Голова у меня шла кругом; я не понимала себя от разнородных ощущений, нахлынувших вдруг, точно бурный прилив. Все только что сказанное Тиллингом еще более возвысило в моих глазах любимого человека… И мне приходилось с ним расстаться, быть может, навсегда! Неужели мы равнодушно распростимся на глазах у посторонних, и затем, все будет кончено?… Нет, это невозможно. Если так выйдет, я готова разрыдаться, едва за ним затворится дверь. Нет, все кроме этого! И я решительно встала.

– Одну минуту, барон Тиллинг, – сказала я… – мне хочется показать вам еще ту фотографию, о которой мы говорили прошлый раз.

Он с удивлением вскинул на меня глаза, потому что между нами никогда не было и речи ни о какой фотографии. Однако Тиллинг последовал за мною в уголок гостиной, где нас не могла слышать остальная компания. Я раскрыла наудачу один из альбомов, лежавших на столе, и барон склонился над ним. Тут я сказала ему вполголоса, вся дрожа от волнения:

– Я не отпущу вас таким образом… Я хочу, я должна с вами переговорить.

– Как хотите, графиня – я слушаю.

– Нет, не теперь. Вы должны прийти ко мне еще раз… завтра, в эти же часы.

Он как будто колебался.

– Я приказываю вам… заклинаю вас памятью вашей матери, которую мы вместе оплакивали…

– О, Марта!…

Мое имя, произнесенное им, заставило меня вздрогнуть в приливе счастья.

– Итак, завтра, – повторила я, заглядывая ему в глаза.

– В эти же часы.

Мы поняли один другого. Я вернулась к остальным гостям, а Тиллинг, поцеловав мне руку и раскланявшись с присутствующими, скрылся за дверьми.

– Странный человек, – заметил отец, покачав головою. – Все, что он тут наболтал, едва ли бы встретило одобрение в правительственных сферах.


XII.


На следующей день, я опять дала приказание не принимать никого, кроме барона Тиллинга, как и при первом его визите.

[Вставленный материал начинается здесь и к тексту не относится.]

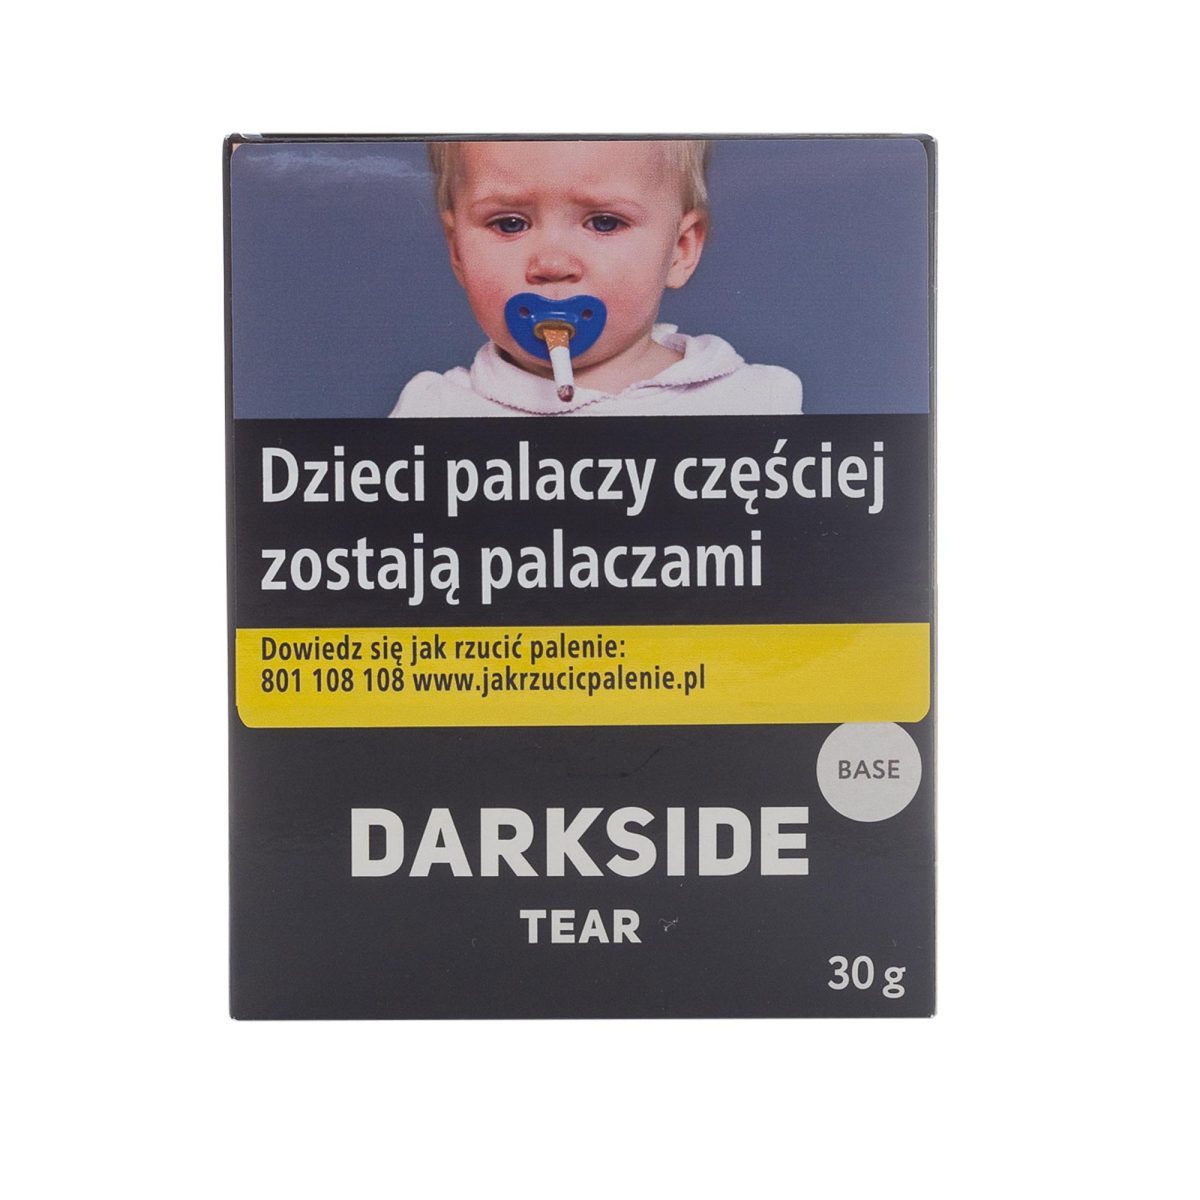 Darkside Base Tear 30g

Предстоящий разговор наполнял мое сердце и сладким нетерпением, и боязнью, и некоторым смущением. Я не знала хорошенько, что скажу ему, да и не хотела обдумывать. Если б он спросил: "итак, графиня, что такое намеревались вы мне сообщить? Чего вы от меня желаете?" Не могла же бы я ответить ему откровенно: "Я хотела сообщить вам, что люблю вас, а желаю я… чтоб ты остался". Но, конечно, он не станет допытываться моей тайны в такой сухой форме и мы поймем друг друга без категорических вопросов и ответов. Самое главное заключалось в том, чтоб увидеть его еще раз и, если разлука неизбежна, обменяться с ним, по крайней мере, задушевным словом, проститься, как следует… Но при одной мысли о прощании мои глаза наполнились слезами.

В эту минуту Тиллинг вошел в гостиную.

– Я повинуюсь вашему приказанию, графиня, и… Но что такое с вами?… – прервал он себя. – Вы плачете и теперь?